BEGIN Input for this task

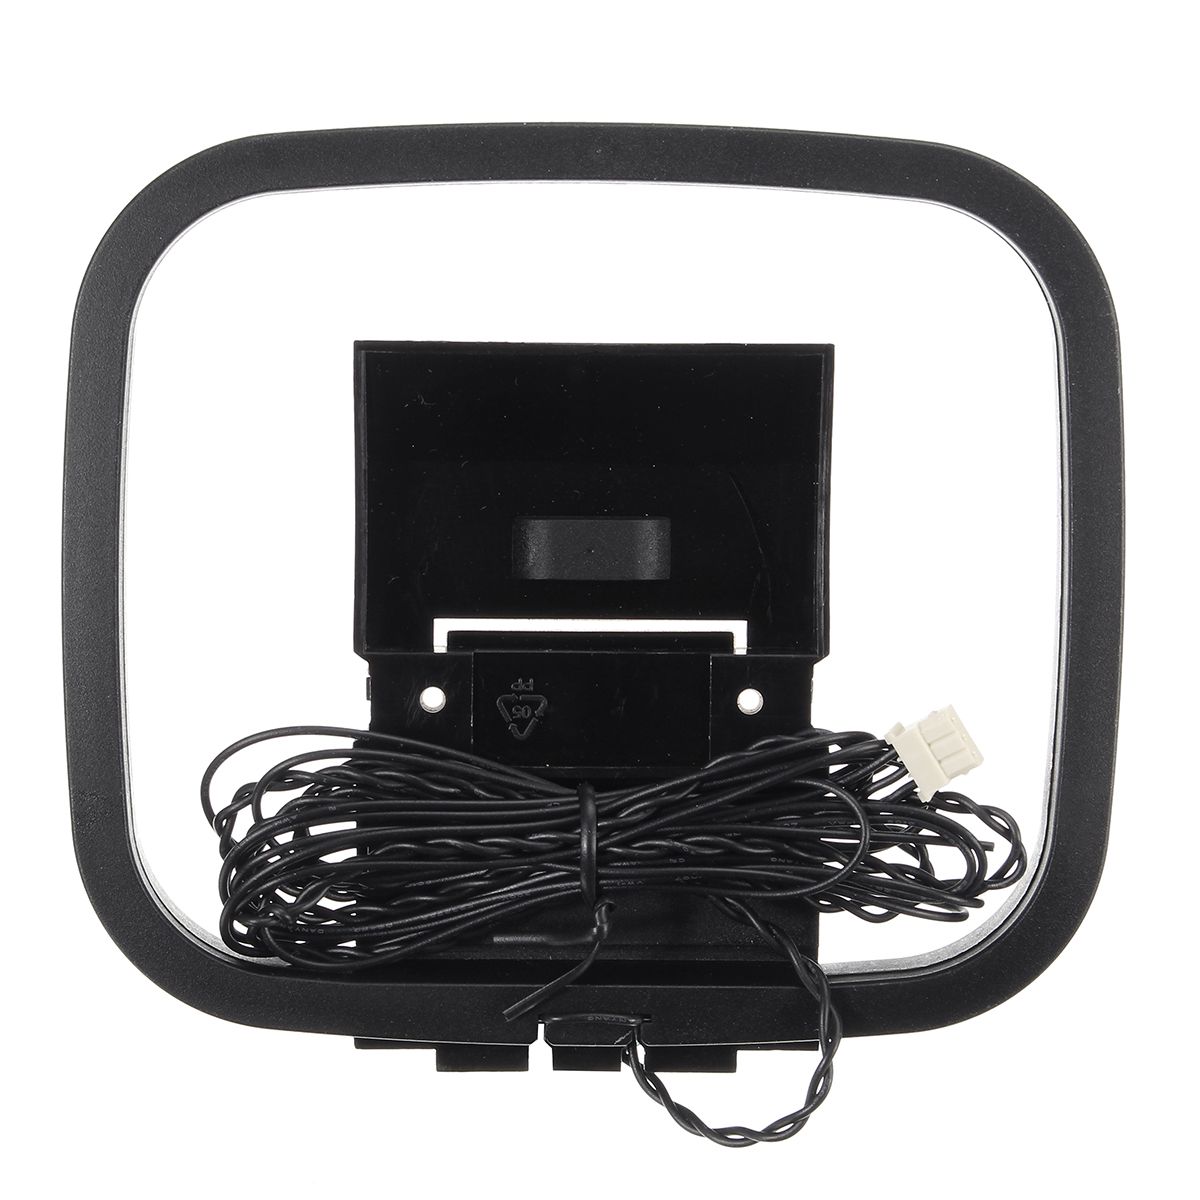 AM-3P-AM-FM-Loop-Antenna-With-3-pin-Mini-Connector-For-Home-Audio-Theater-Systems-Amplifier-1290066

END Input for this task
BEGIN Input for this task

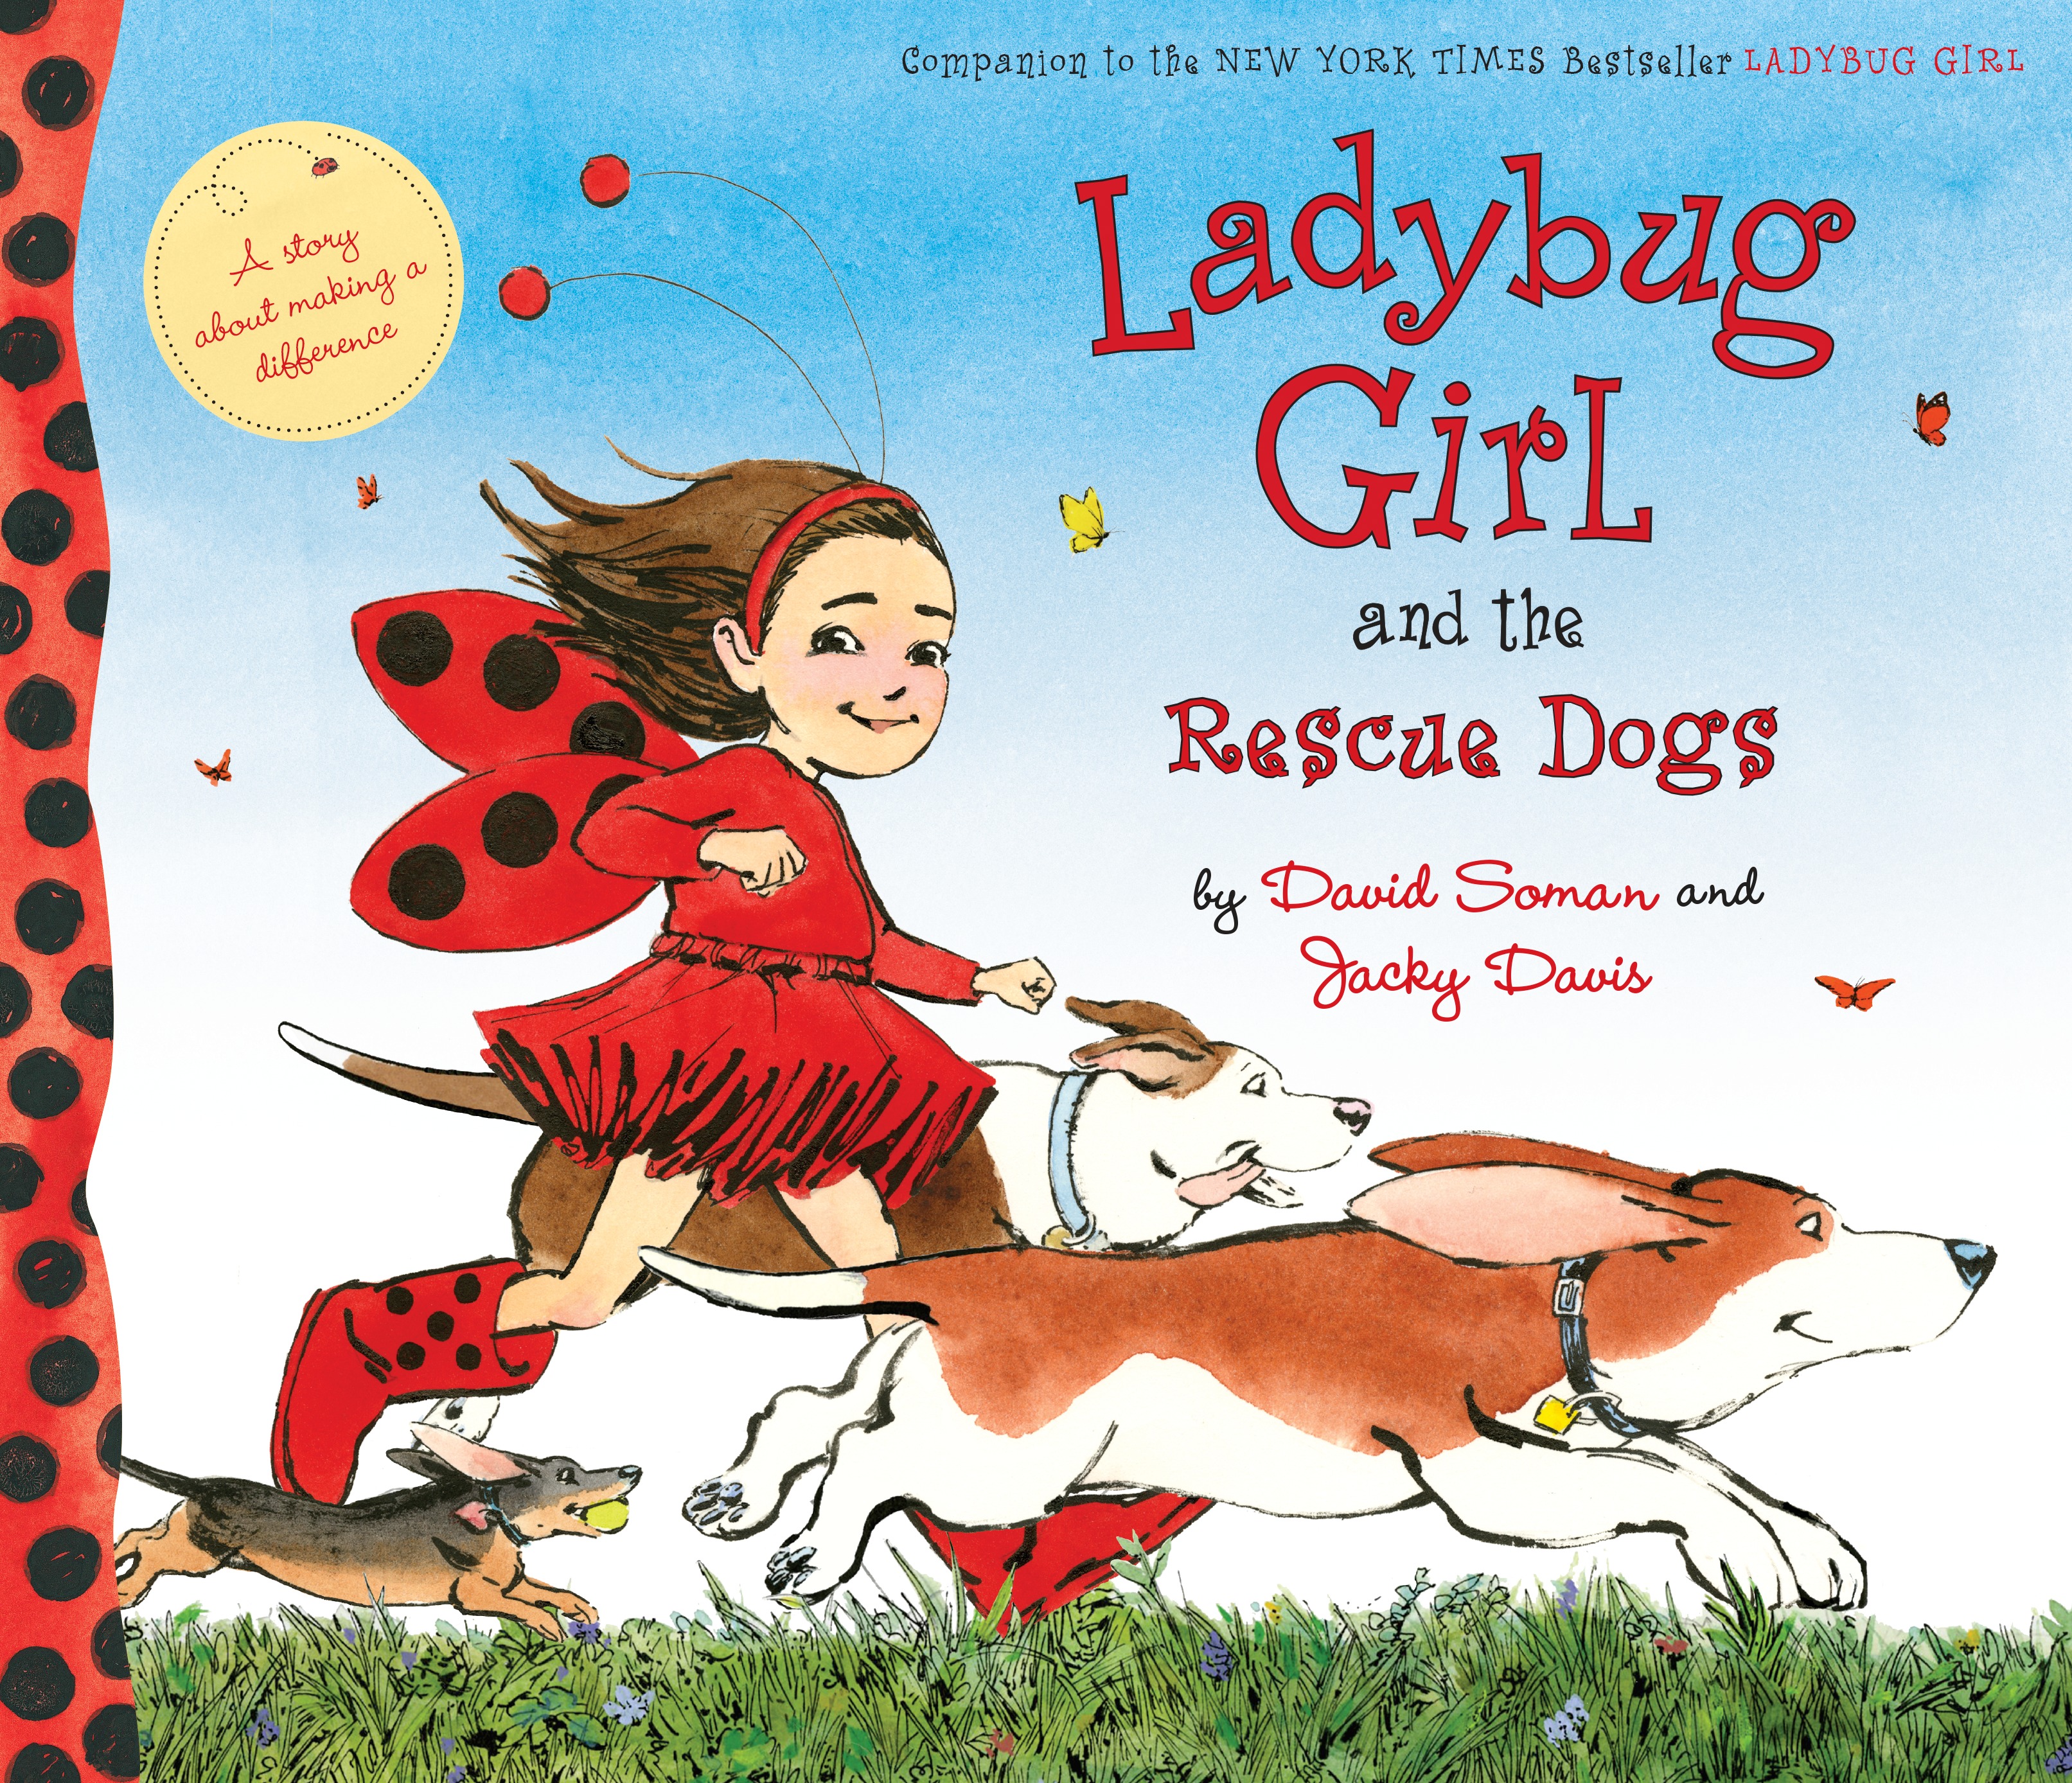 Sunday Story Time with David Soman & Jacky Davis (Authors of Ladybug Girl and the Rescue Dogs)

END Input for this task
BEGIN Input for this task

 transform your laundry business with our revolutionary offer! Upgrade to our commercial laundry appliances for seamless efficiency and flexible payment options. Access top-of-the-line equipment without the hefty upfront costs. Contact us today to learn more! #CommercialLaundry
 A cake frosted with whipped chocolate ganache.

END Input for this task

[Your objective] Print the lines above from the one with "transform your laundry" through the one with "A cake frosted", both included, exactly as written and nothing more.

[Worked solution]
 transform your laundry business with our revolutionary offer! Upgrade to our commercial laundry appliances for seamless efficiency and flexible payment options. Access top-of-the-line equipment without the hefty upfront costs. Contact us today to learn more! #CommercialLaundry
 A cake frosted with whipped chocolate ganache.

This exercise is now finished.